It’s kind of amazing, and I feel like I should smack myself silly. I haven’t written about my mother, Betty, in years. Sure, I’ve mentioned her here and there in regards to other stories, but the only time she got her own post was back in 2009 when I wrote A Lesson I Learned From Mom. Time to rectify that, especially since I wrote the last piece about Dad.

Mom and me

Today is Mom’s birthday, and she turns 77. Mom’s been in my life longer than anyone; of course that makes sense. lol But even when Dad was alive, he was gone often so it was just her and me. I owe her my life and other things, but of course I’ve learned some leadership lessons from her, good and bad. To whit, I’m going to share 5 of them:

1. If you’re going to be in charge, you need to be ready to do it for the long haul.

That’s what most mothers do and yet it’s an important lesson to learn for anyone looking to be a good leader. You don’t get to turn it off and on when you’re in the workplace.

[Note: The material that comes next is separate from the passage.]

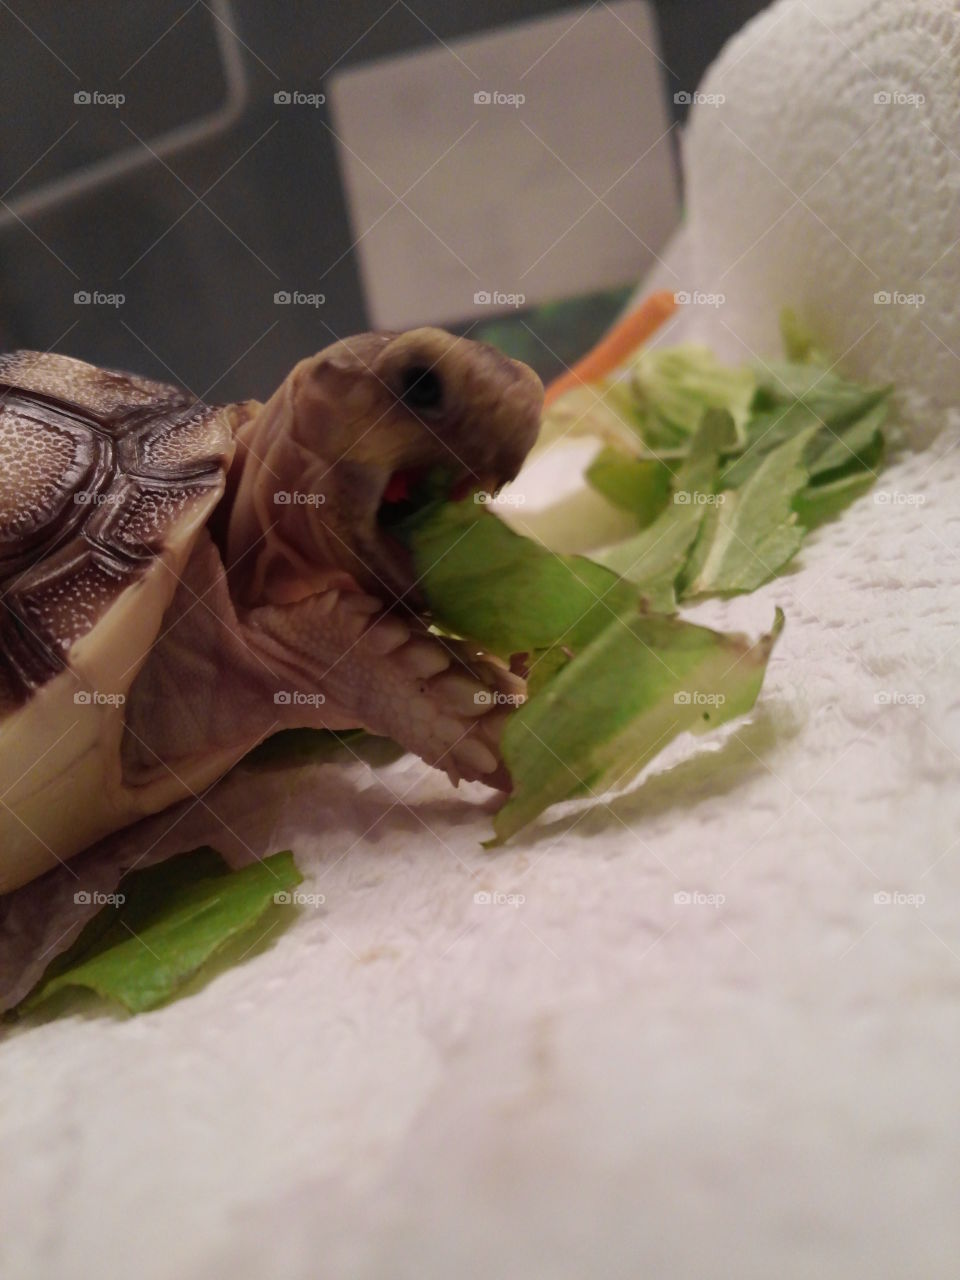 Harold the tortoise

You don’t get to be someone’s best friend at one moment and then their superior (by position) the next. It just doesn’t work well.

2. You need to keep your eye on people, even when you don’t think you need to.

We lived on military bases most of my young life. My mother figured there was nothing that could happen to me since we were on base.

She was wrong. Not that I ever hurt myself but I literally challenged death multiple times without her knowledge. Before the age of 6 I had climbed up multiple buildings from the outside, then slid under barbed wire because I was small. There’s other things I did that she didn’t know about until I was in my mid 30’s; she was mortified.

Even if you feel you have the most competent staff ever, if you take your eyes off things too long you’ll almost always find that something’s gone wrong, and even if they knew about it they might have thought you’d just take care of it. Never get caught off guard on something you should know about.

3. Always learn the truth, then be loyal.

I’m not going to say I never lied to Mom about anything, but usually it was for things like whether I ate cookies or something like that. Whenever it was something critical I always told the truth, even if something might have been my fault… which it never was. lol

Both my parents had always told me that when it was critical I should tell the truth because it was the thing to do, and I believed it. So, when I broke this kid’s teeth with my elbow, I told them as well as adding it was an accident because we were playing football. Thus, when his mother came to my mother demanding it be paid for, my mother knew the story from my mouth and held her ground, knowing that if the mother took her kid to the dentist on base (which she didn’t want to do) it would be paid for automatically.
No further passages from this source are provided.